Morphology#

Overview#

Morphology algorithms perform two-dimensional (2D) filtering operations on input images using 2D boolean kernels. The current implementation supports 3x3 and 5x5 kernels.

Erode Filter: Returns the minimum value of the pixels masked by the boolean kernel. This operation is typically used to reduce the size of foreground regions in binary images.
Dilate Filter: Returns the maximum value of the pixels masked by the boolean kernel. This operation is commonly used to increase the size of foreground regions in binary images.

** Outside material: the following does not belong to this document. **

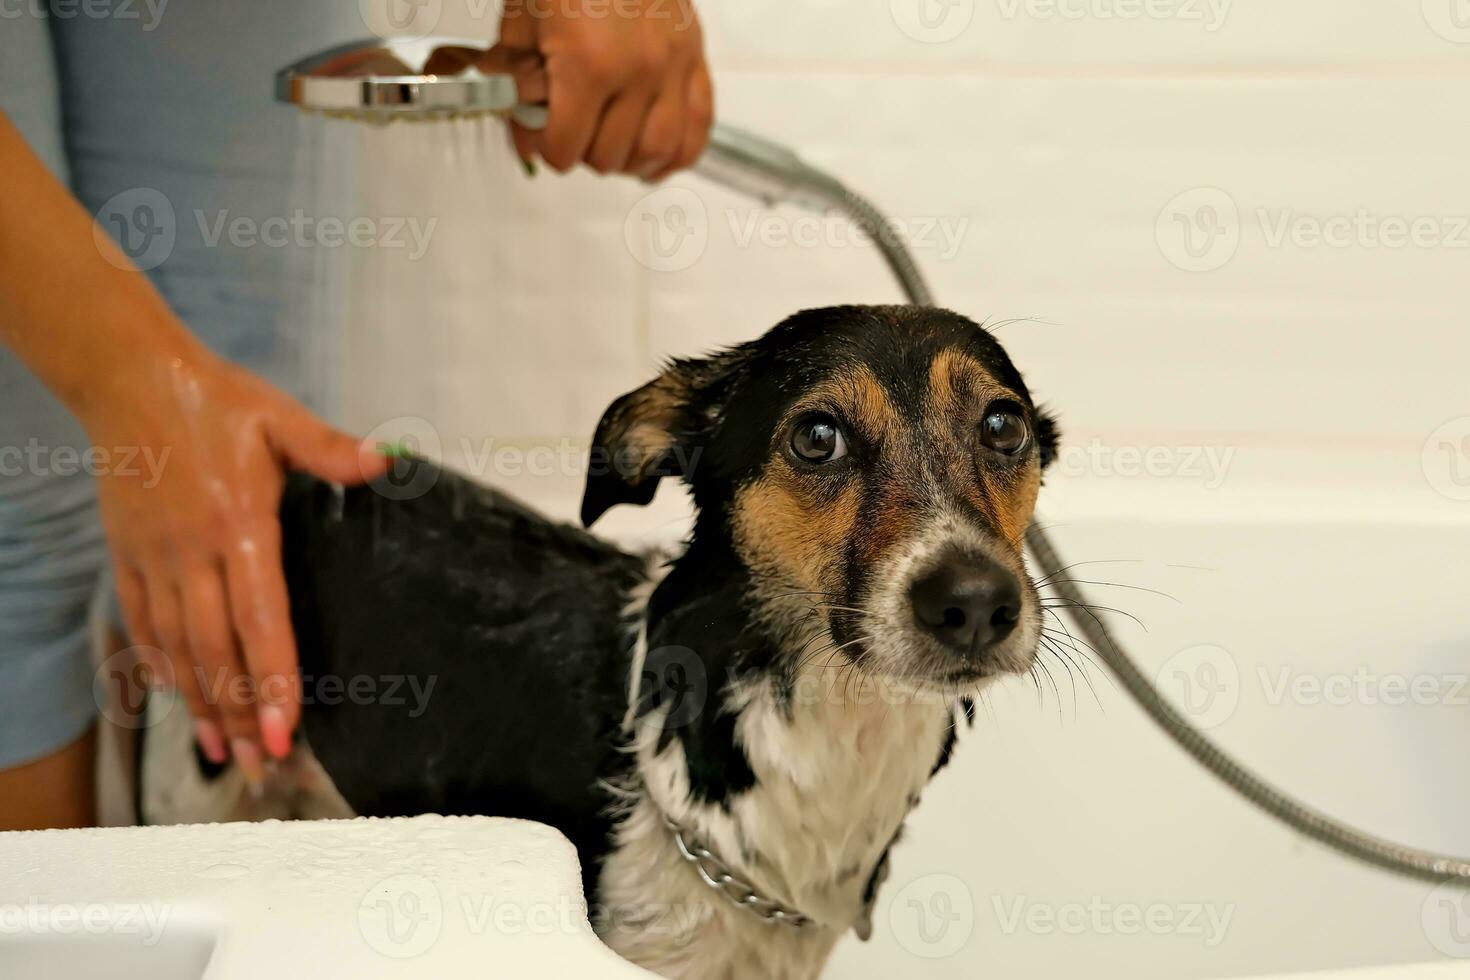 the girl washes the dog. Hygiene of pets. bathing the dog with shampoo. water dripping on the dog photo

The following kernel types are supported:

Rectangle Kernel: All elements are set to 1, available for both 3x3 and 5x5 kernel sizes.
Cross Kernel: Corners are set to 0, and the rest are set to 1, available for the 3x3 kernel size.

Multiple back-to-back morphological operations can be performed to achieve larger kernel sizes. For example, a 7x7 kernel effect can be achieved by sequentially applying a 3x3 kernel followed by a 5x5 kernel. Additionally, the dilate filter can be applied after the erode filter to perform a morphological opening on an image, which helps in removing small objects from the foreground.

Implementation Details#

Dataflow Configuration#

The RasterDataFlow (RDF) with halo and circular buffer is an ideal fit for the Morphology operator, as it processes pixels in 2D sliding windows. The RDF halo API is used to configure the boundary padding and the size of overlapped pixels, which is half of the mask width, for the source RDF. RDF automatically handles the padding of border pixels based on the borderMode and borderValue parameters.

Loop Configuration#

The VPU features Address Generators (AGEN) hardware for multi-dimensional address generation, enabling efficient looping and address updates with zero overhead. Load and store AGENs are configured once per task, and the base address is updated for each tile. Morphology operator uses 4 dimensional AGENS for loading pixels and 3 dimensional AGENS for storing pixels. The RDF Acquire/Release semantics conveniently provide the base address of the transferred tile for AGEN updates. The input AGEN is configured to load data from circular RDF buffer. cupvaRasterDataFlowGetCbLen and cupvaRasterDataFlowGetLinePitch APIs are used to get the circular buffer length and line pitch, respectively, for configuring the input AGEN.

Vectorization#

The VPU features vector min3/max3 instructions that are highly efficient for morphological operations. These instructions allow the minimum or maximum of three pixel values to be computed in parallel across all lanes of the source vector inputs. This translates to 32 parallel 3-way min/max operations for 8-bit data and 16 parallel 3-way min/max operations for 16-bit data per cycle.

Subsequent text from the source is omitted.